Resources About Choking and Swallowing

Dental Issues

Dental problems are very common with PWS. Many of the dental problems with PWS are related to decrease salivary flow, and mouth breathing. Normal saliva is thin and washes the teeth clean, while the thick saliva associated with PWS sticks to the teeth and harbors bacteria that cause tooth decay and periodontal disease. Crowded arches contributes to misalignment of the teeth. Tooth wear, in terms of both erosion and attrition, is a severe problem in young adults with Prader-Willi syndrome.

Resources About Dental Issues

Gastrointestinal Issues

Abdominal distention or bloating, pain, and/or vomiting may be signs of life-threatening gastric inflammation or necrosis, more common in PWS than in the general population. Rather than localized pain, there may be a general feeling of unwellness. If an individual with PWS has these symptoms, close observation is needed. An X-ray and an endoscopy with biopsy may be necessary to determine degree of the problem and possible need for emergency surgery.

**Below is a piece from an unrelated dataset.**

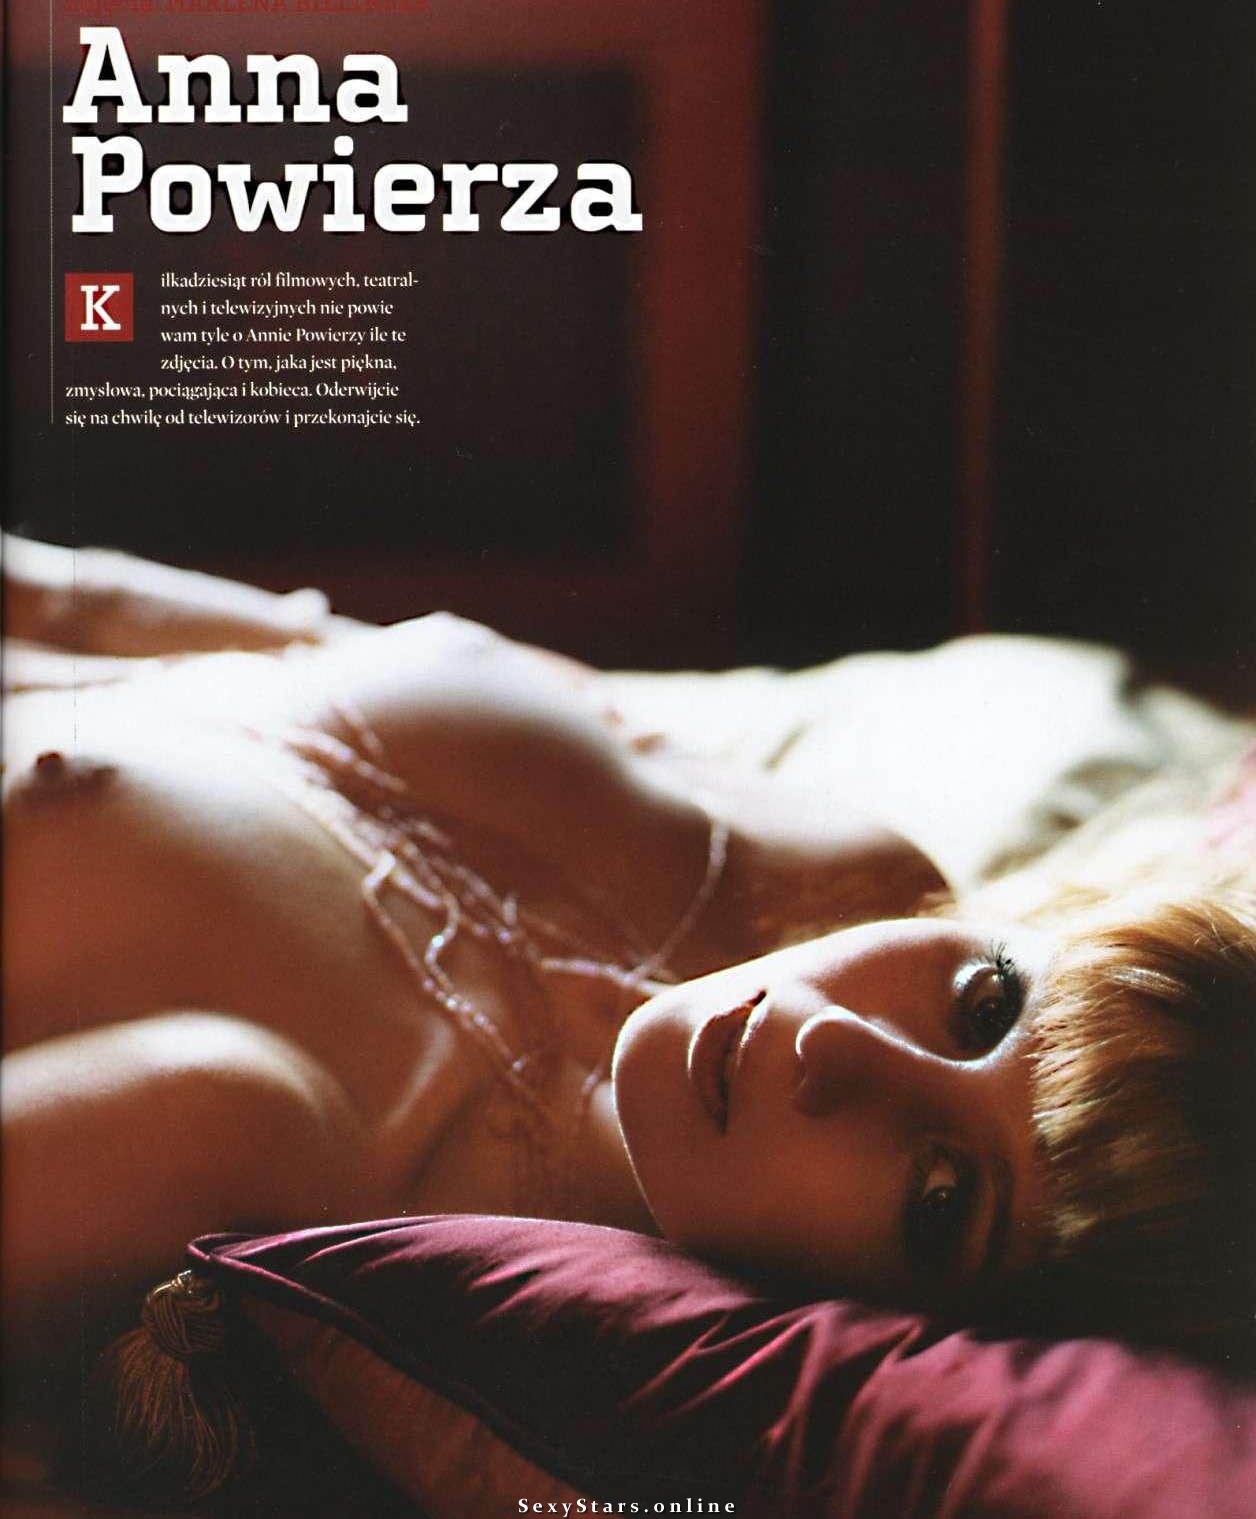 Anna Powierza nude. Photo - 12

Anyone who has knowledge of other individuals who have had severe stomach problems or would like more information can get in touch with PWSA (USA) 1-800-926-47971-800-926-4797

Resources About Gastrointestinal Issues

Growth Hormone
Prader-Willi Syndrome Growth Hormone Deficiency and Treatment

The first research on using growth hormone (GH) with Prader-Willi syndrome (PWS) began in 198I. Two key pioneers in this field were Dr. Moris Angulo and Dr. Phillip Lee, both members of our PWSA (USA) advisory boards. In June 2000 growth hormone was the first (and to date the only) drug approved by the U.S. Food & Drug Administration (FDA) for the treatment of Prader-Willi syndrome. Since that time, an untold amount of children and adults with PWS have benefited from the use of growth hormone.

Resources about Growth Hormone

For more information go to pwsausa.org

Hospitalization

Inpatient procedures or hospitalization can present unique challenges for the patient with Prader-Willi Syndrome both for crisis situations and routine treatment. For example, it is crucial that all staff be aware of the need for strict food control and not allow the patient extra food or food items not on their approved diet plan. Please read . Inpatient Medical Alert

High Pain Threshold

Lack of typical pain signals is common and may mask the presence of infection or injury to the extreme they may be able to still walk if it is broken. Someone with PWS may not complain of pain until infection is severe or may have difficulty localizing pain. Parent/caregiver reports of subtle changes in condition or behavior should be investigated for medical cause.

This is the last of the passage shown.